我々の応用は、特定の遺伝子の調節を仲介するゲノム座を同定する単一セルマルチモーダルデータの解析である。
論文 参考訳(メタデータ) (2022-10-18T21:15:10Z) - Attention-aware contrastive learning for predicting T cell
receptor-antigen binding specificity [7.365824008999903]
細胞表面のMHCクラスI分子によって提示される新規抗原のごく一部のみがT細胞を誘導できることが確認されている。
そこで本研究では,TCR-抗原結合特異性を推定するためのattentive-mask contrastive learning model,ATMTCRを提案する。
論文 参考訳(メタデータ) (2022-05-17T10:53:32Z) - CogMol: Target-Specific and Selective Drug Design for COVID-19 Using
Deep Generative Models [74.58583689523999]
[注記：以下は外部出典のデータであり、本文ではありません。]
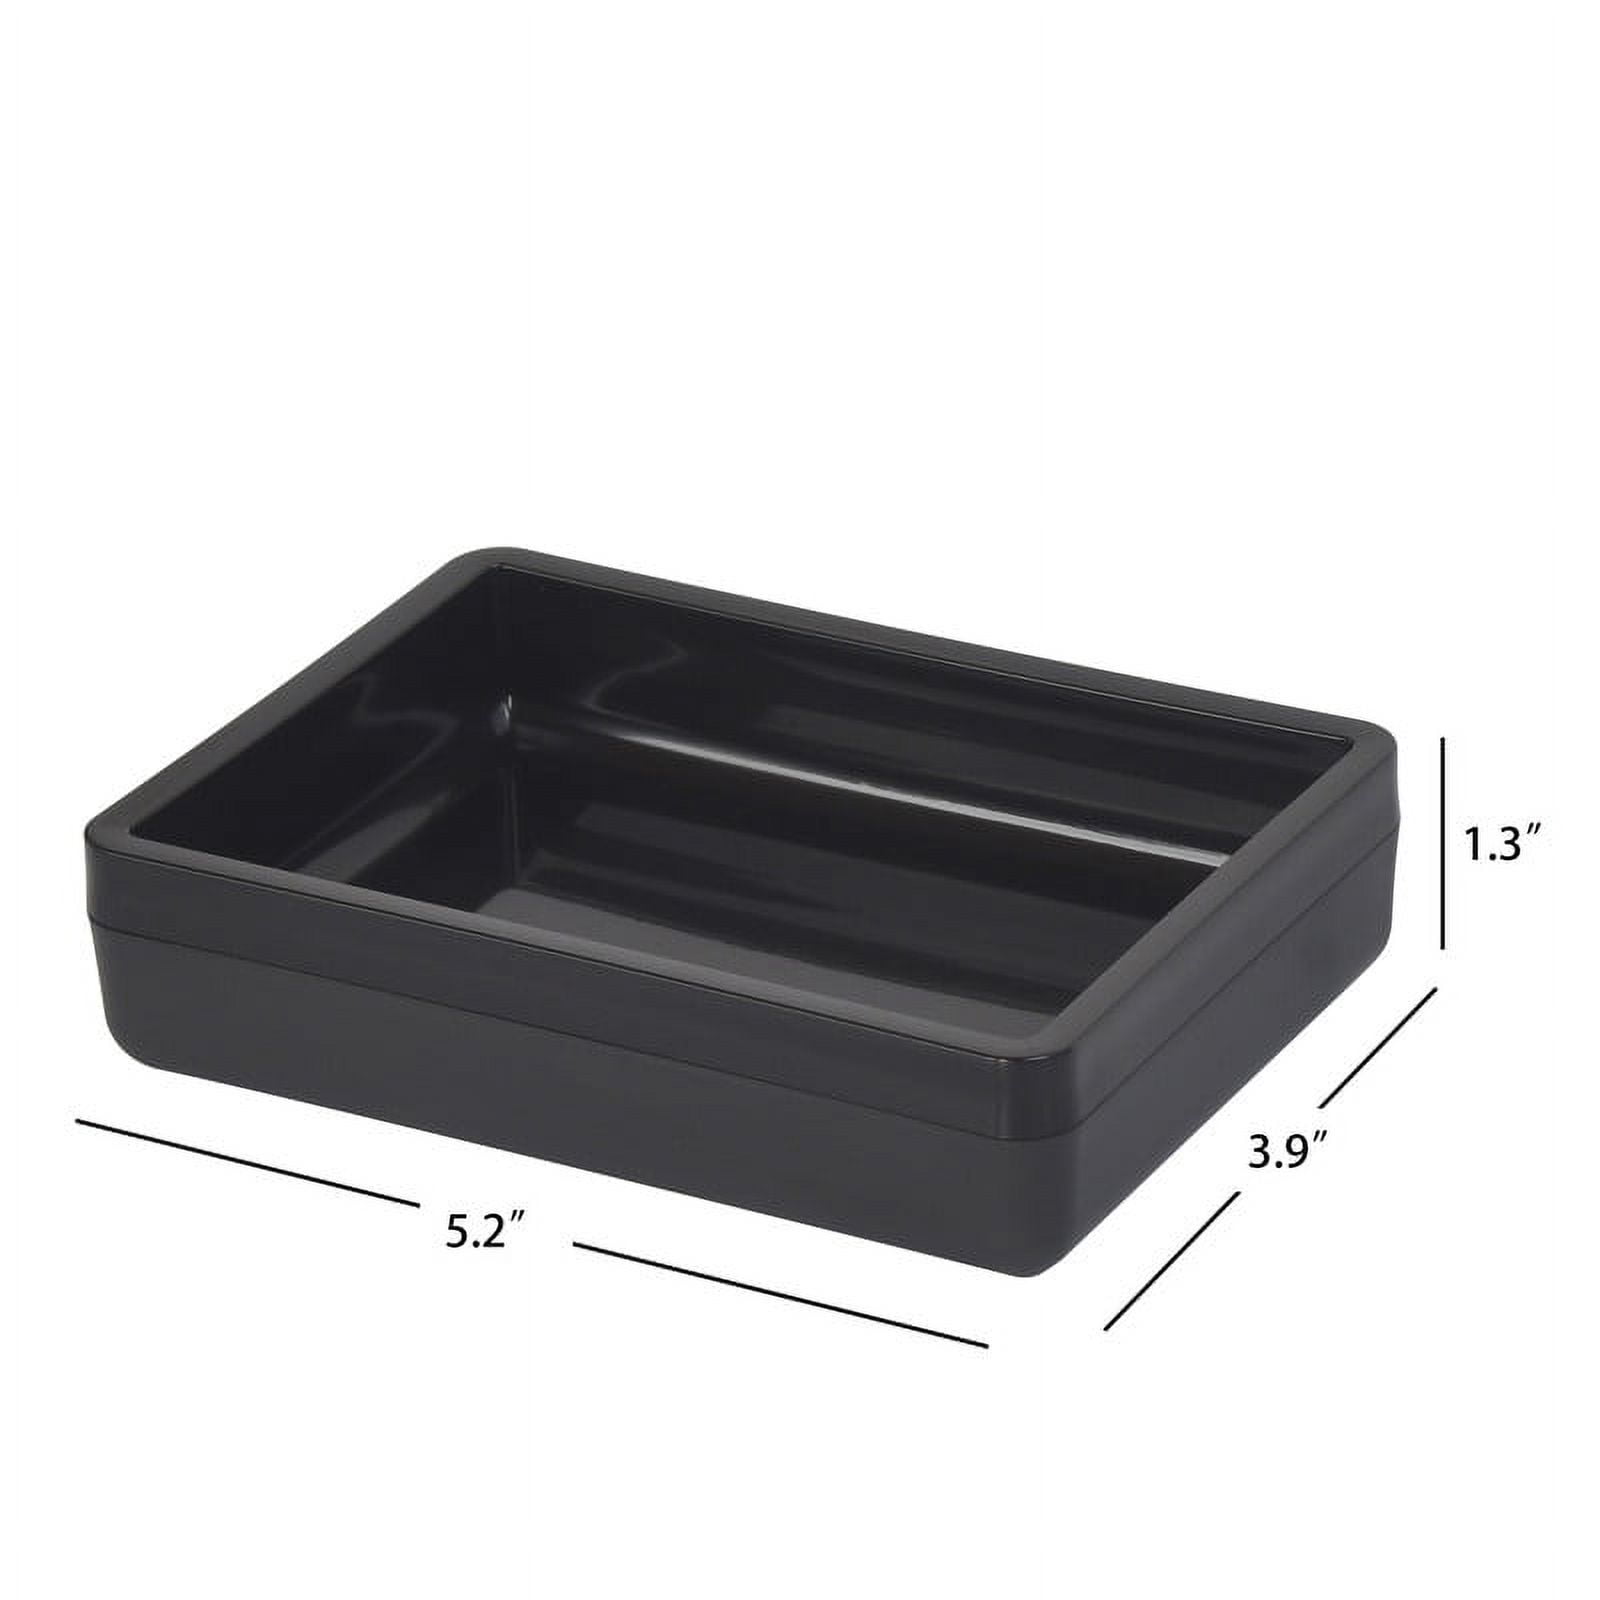 Plant-Based Soap Dish Tray Black

新規なウイルスタンパク質を標的とした新規な薬物様小分子を設計するためのエンド・ツー・エンドのフレームワークであるCogMolを提案する。
CogMolは、分子SMILES変分オートエンコーダ(VAE)の適応事前学習と、効率的なマルチ属性制御サンプリングスキームを組み合わせる。
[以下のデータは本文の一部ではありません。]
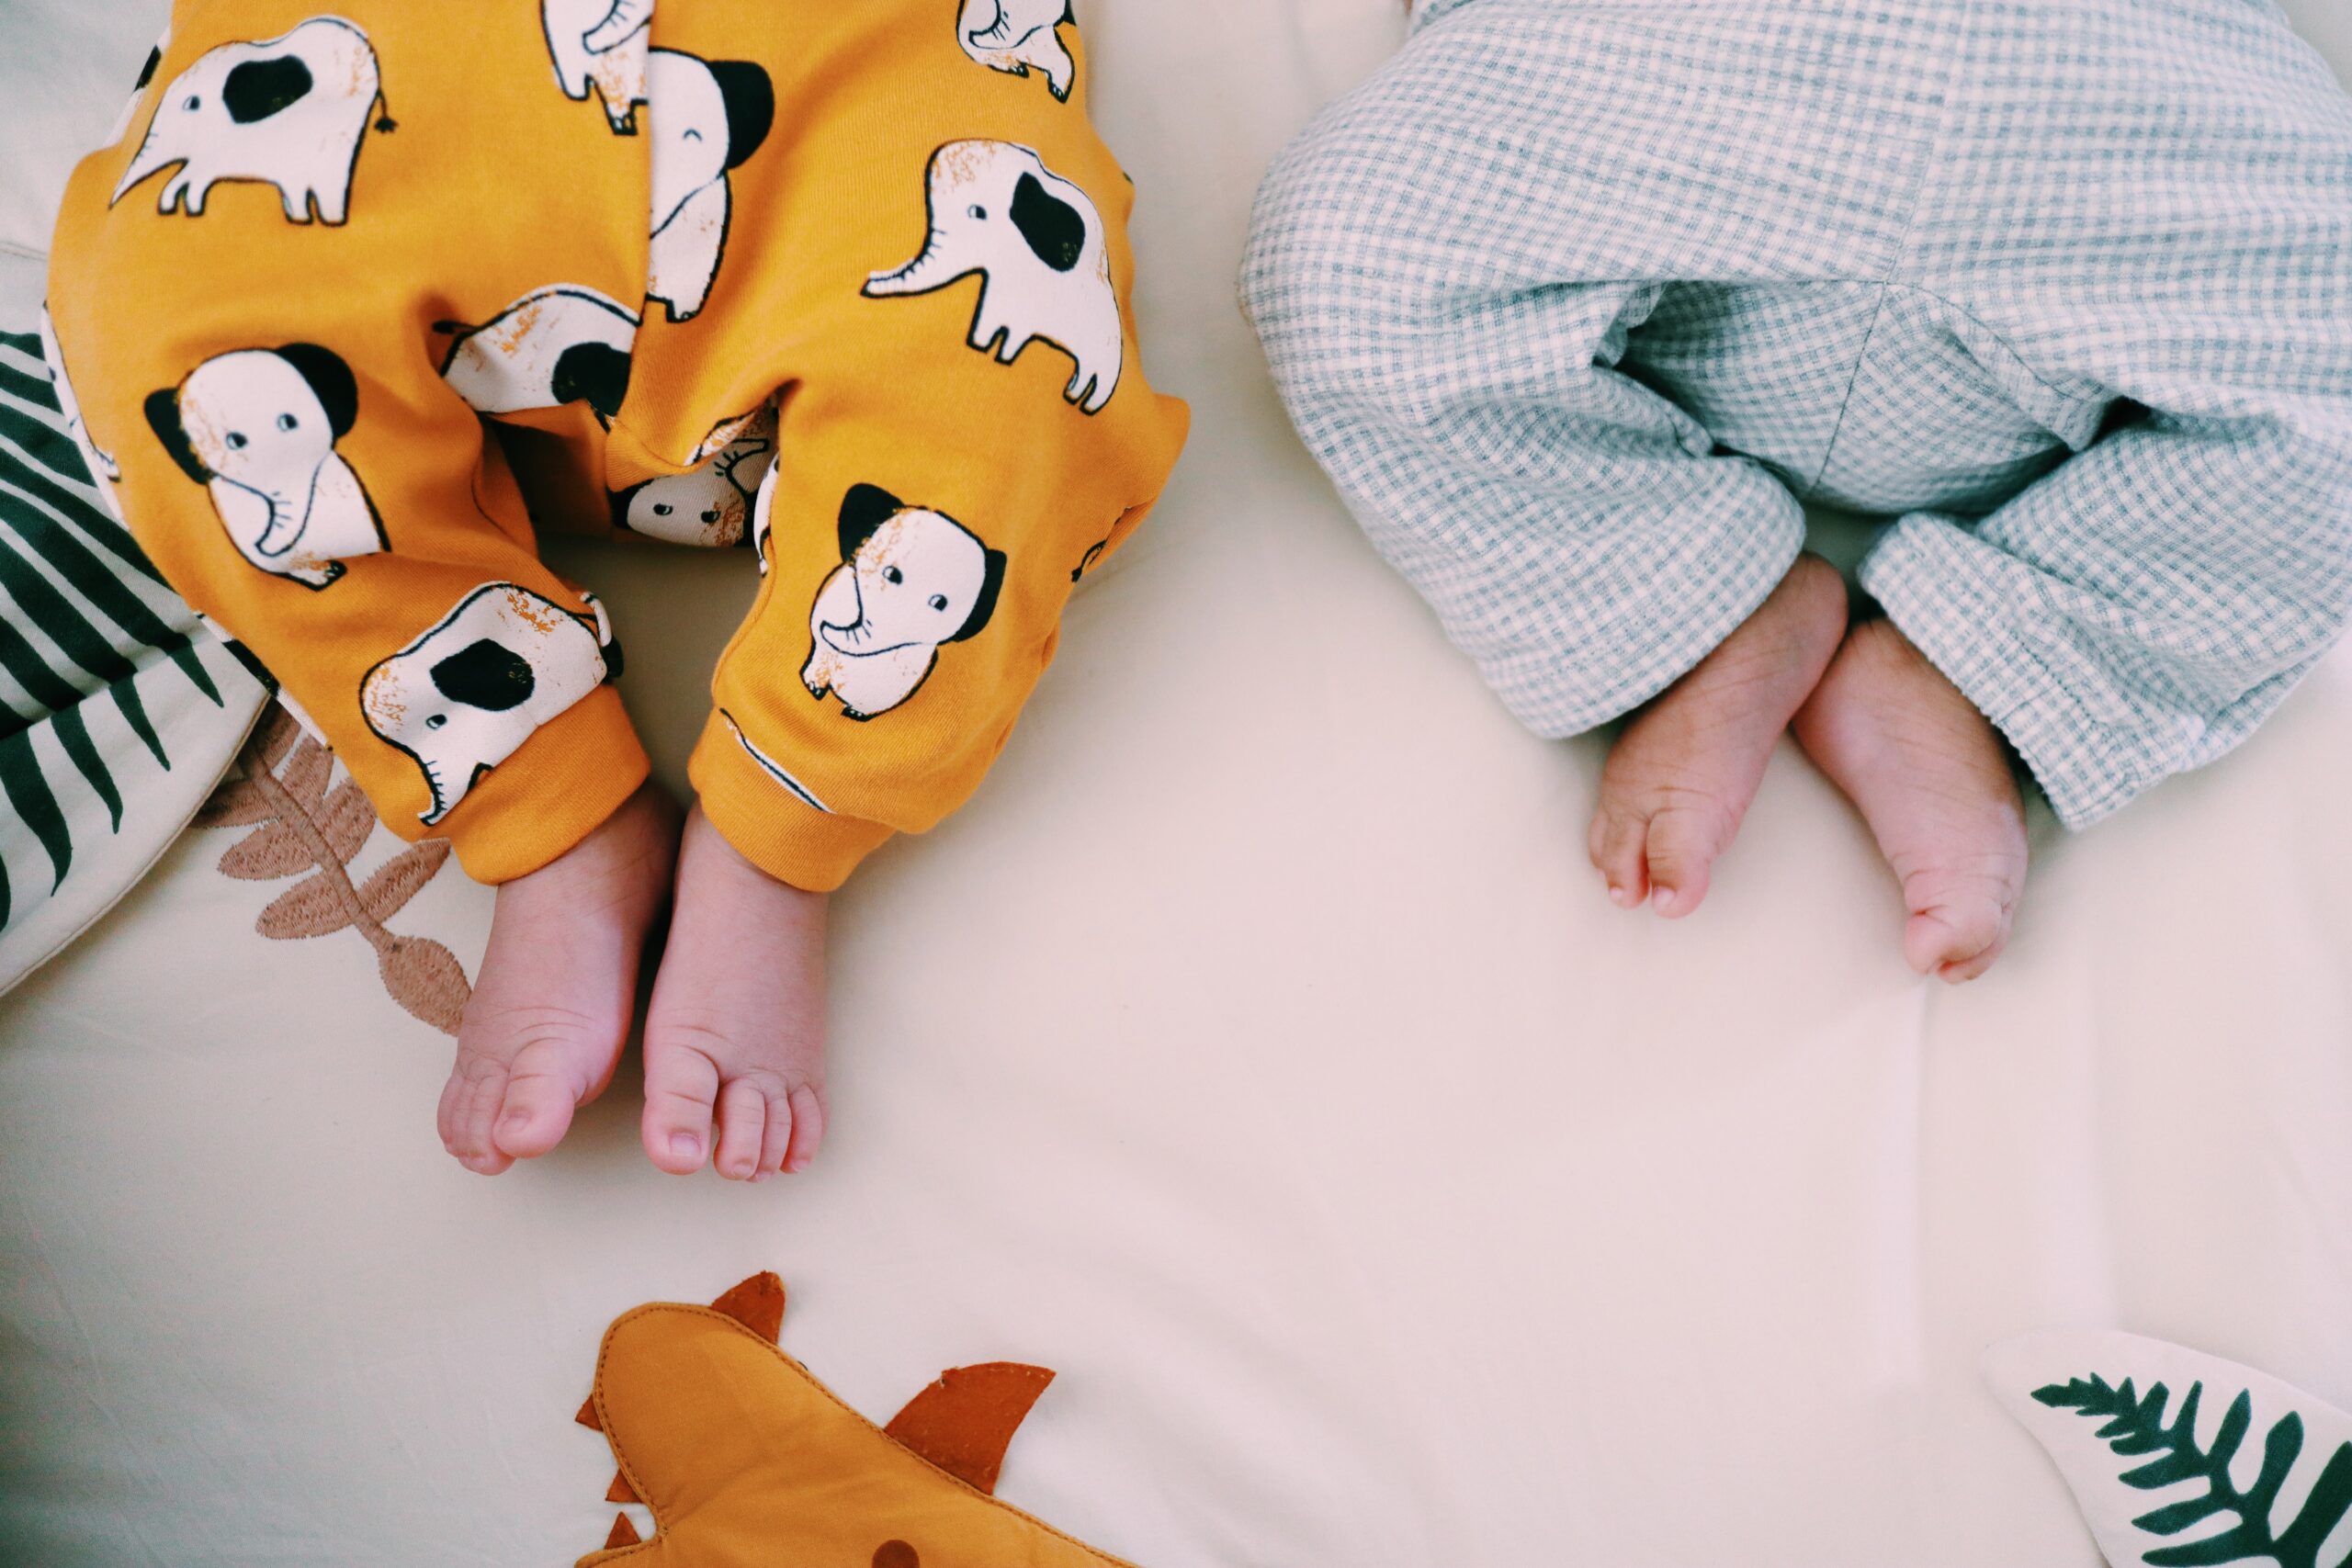 Zwillinge in Pyjamas liegen auf dem Bett.

CogMolは、高目標特異性と選択性を有する合成可能で低毒性な薬物様分子の多制約設計を扱う。
論文 参考訳(メタデータ) (2020-04-02T18:17:20Z) - Explainable Deep Relational Networks for Predicting Compound-Protein
Affinities and Contacts [80.69440684790925]
Deep Relationsは物理にインスパイアされた、本質的に説明可能なアーキテクチャを持つディープリレーショナルネットワークである。
それは最先端技術に対する優れた解釈可能性を示している。
接触予測 9.5, 16.9, 19.3, 5.7 倍の AUPRC をテスト用、複合ユニク、タンパク質ユニク、両ユニクセットで強化する。
論文 参考訳(メタデータ) (2019-12-29T00:14:07Z)
関連論文リストは本サイト内にある論文のタイトル・アブストラクトから自動的に作成しています。
指定された論文の情報です。
本サイトの運営者は本サイト(すべての情報・翻訳含む)の品質を保証せず、本サイト(すべての情報・翻訳含む)を使用して発生したあらゆる結果について一切の責任を負いません。